By the law of sines we obtain: $$\frac{AD}{\sin{x}}=\frac{DC}{\sin(126^{\circ}-x)}$$ and $$\frac{AD}{\sin24^{\circ}}=\frac{AB}{\sin54^{\circ}}$$ and since $AB=DC$, we obtain: $$\frac{\sin{x}}{\sin24^{\circ}}=\frac{\sin(126^{\circ}-x)}{\sin54^{\circ}}.$$ Can you end it now?

I got $x=30^{\circ}.$

Answer 2

Let's reformulate the problem.

Let $\triangle ABC$ be such that $\angle ABC = 24^{\circ}$ and $\angle ACB = 30^{\circ}$ and $D$ is on $BC$ so that $AB = CD$.

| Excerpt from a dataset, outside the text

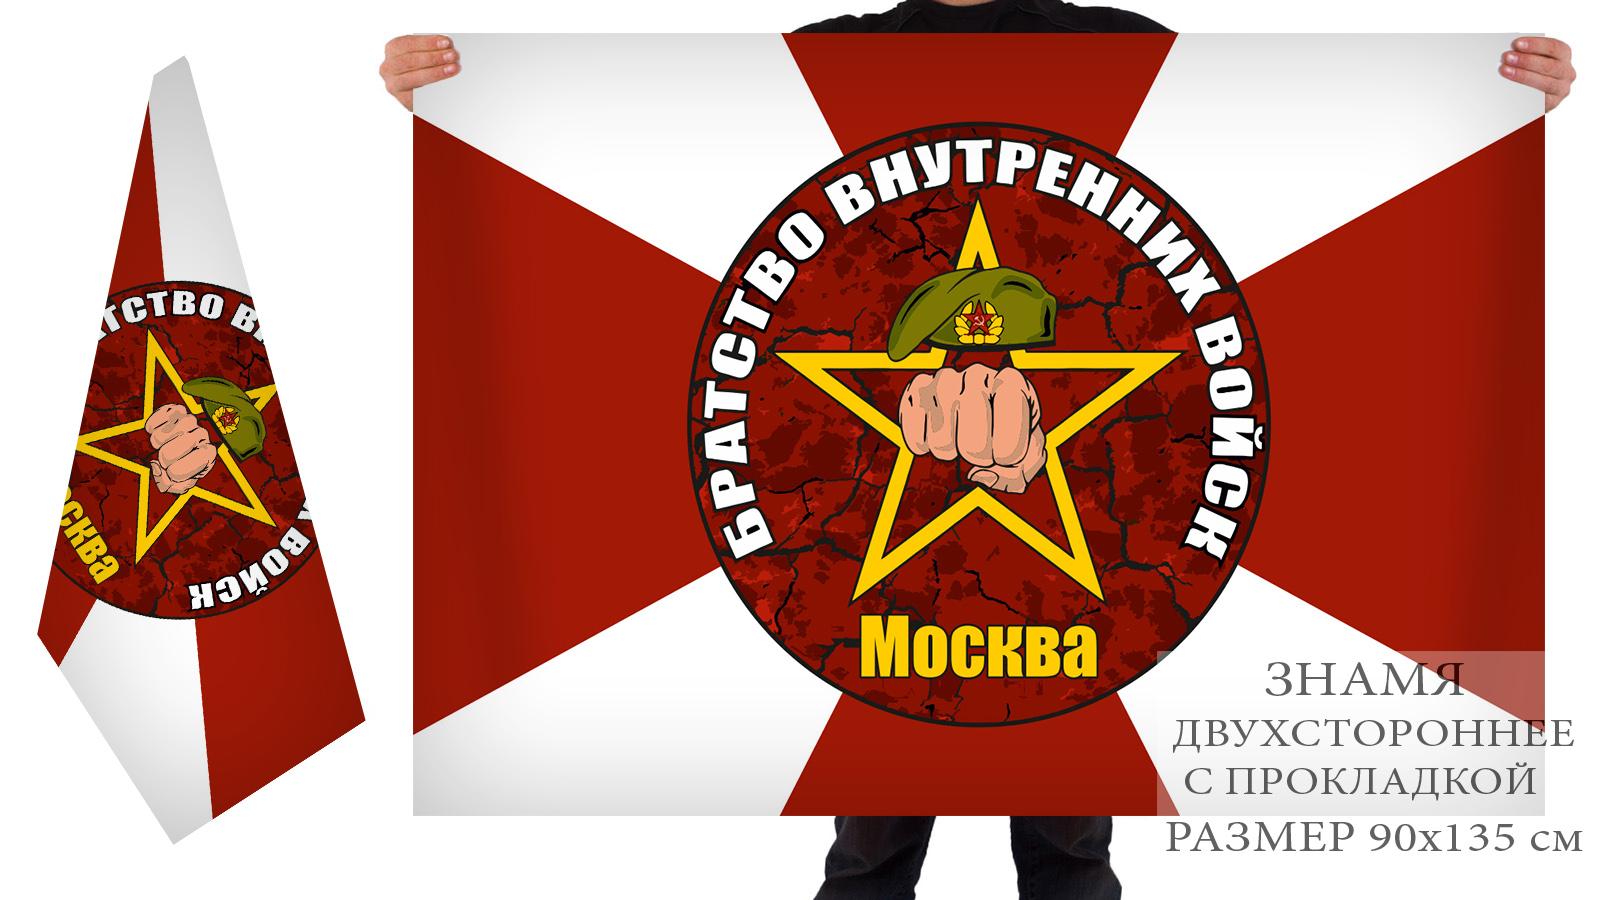 Купить недорого двухсторонний флаг Братство Внутренних Войск, Москва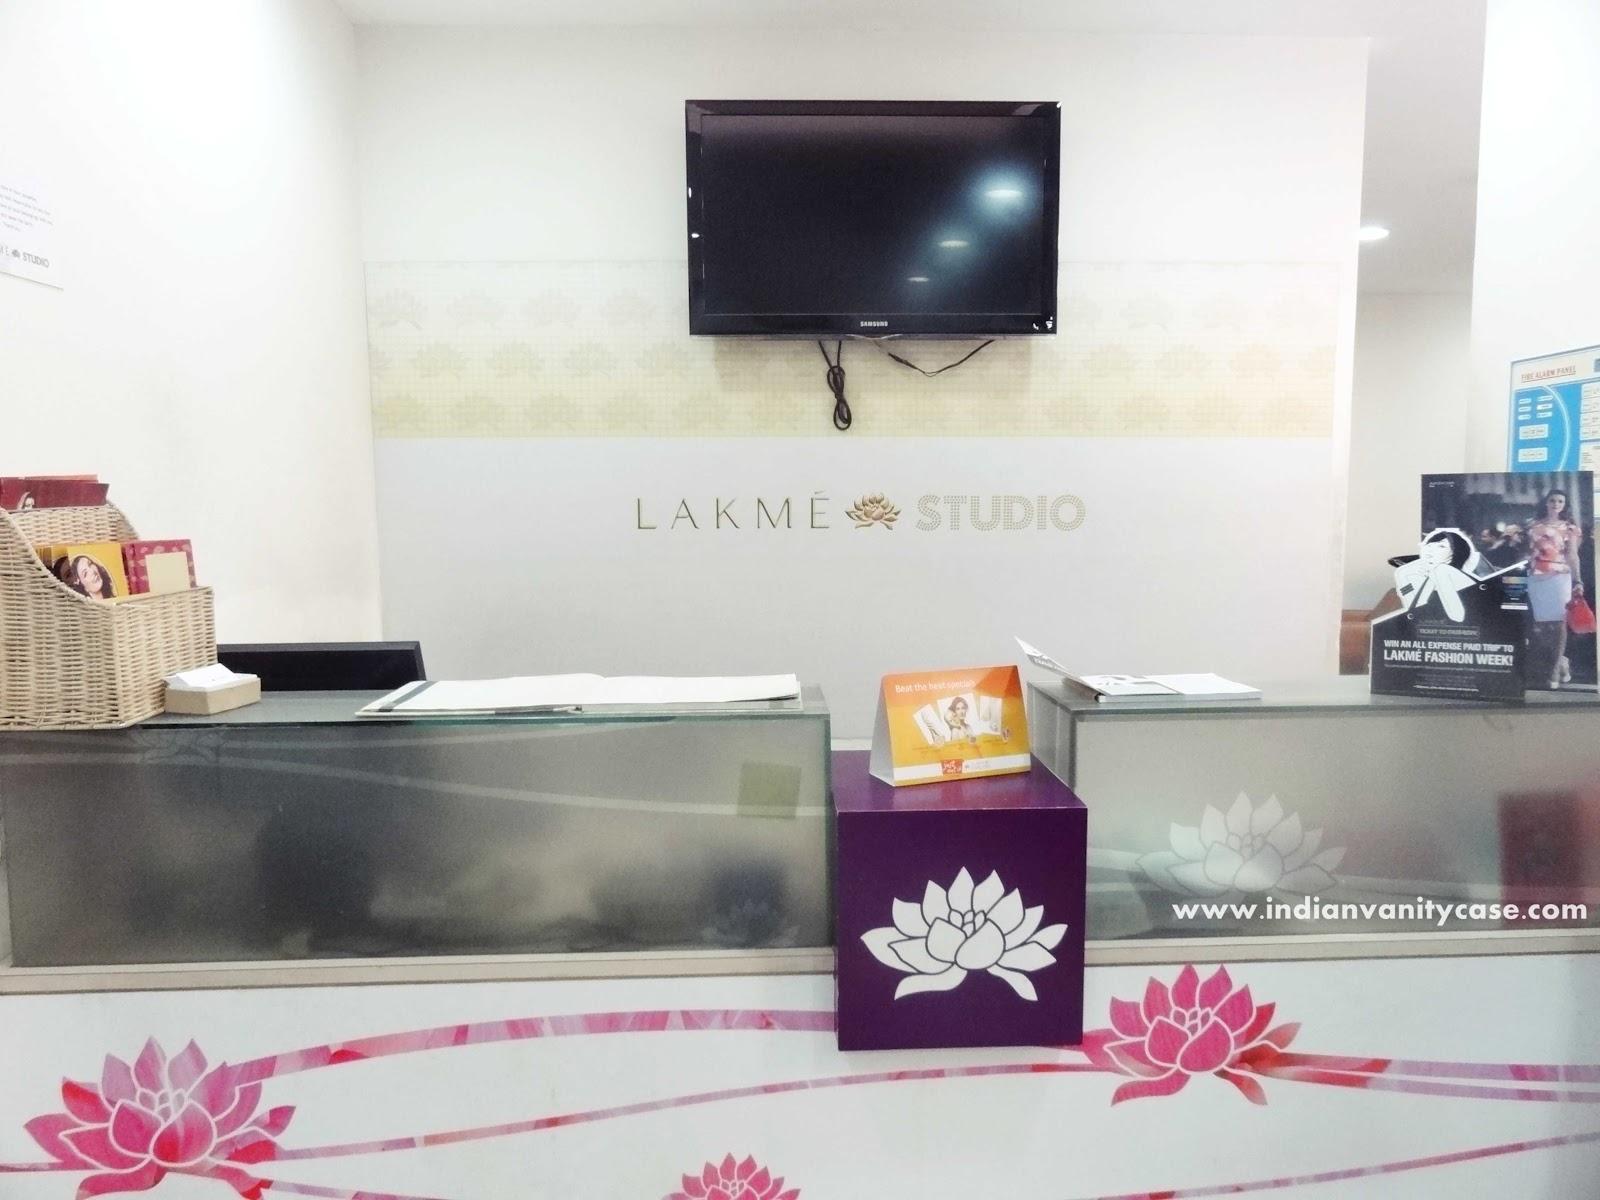 Lakme salon deals in pune

We have to prove $\angle BAD = 30^{\circ}$

Solution: Rotate $B$ around $A$ for $60^{\circ}$ to new point $E$. Then since $EA=EB$ and $$\angle AEB = 2\angle BCA$$ we see that $C$ is on circle with center at $E$ and radius $EA=EB = EC$. Then $CD = CE$, so $$\angle BCE = \angle CBE = 34^{\circ} \implies \angle EDC = \angle DEC = 72^{\circ}$$ Now this means that $$\angle BDE = 108^{\circ} \implies \angle BED = \angle EBD = 36^{\circ}$$ This means $BD = ED$, so so $\triangle ABD$ and $\triangle ADE$ are congruent (sss) and thus $\angle BAD = 30 ^{\circ}$.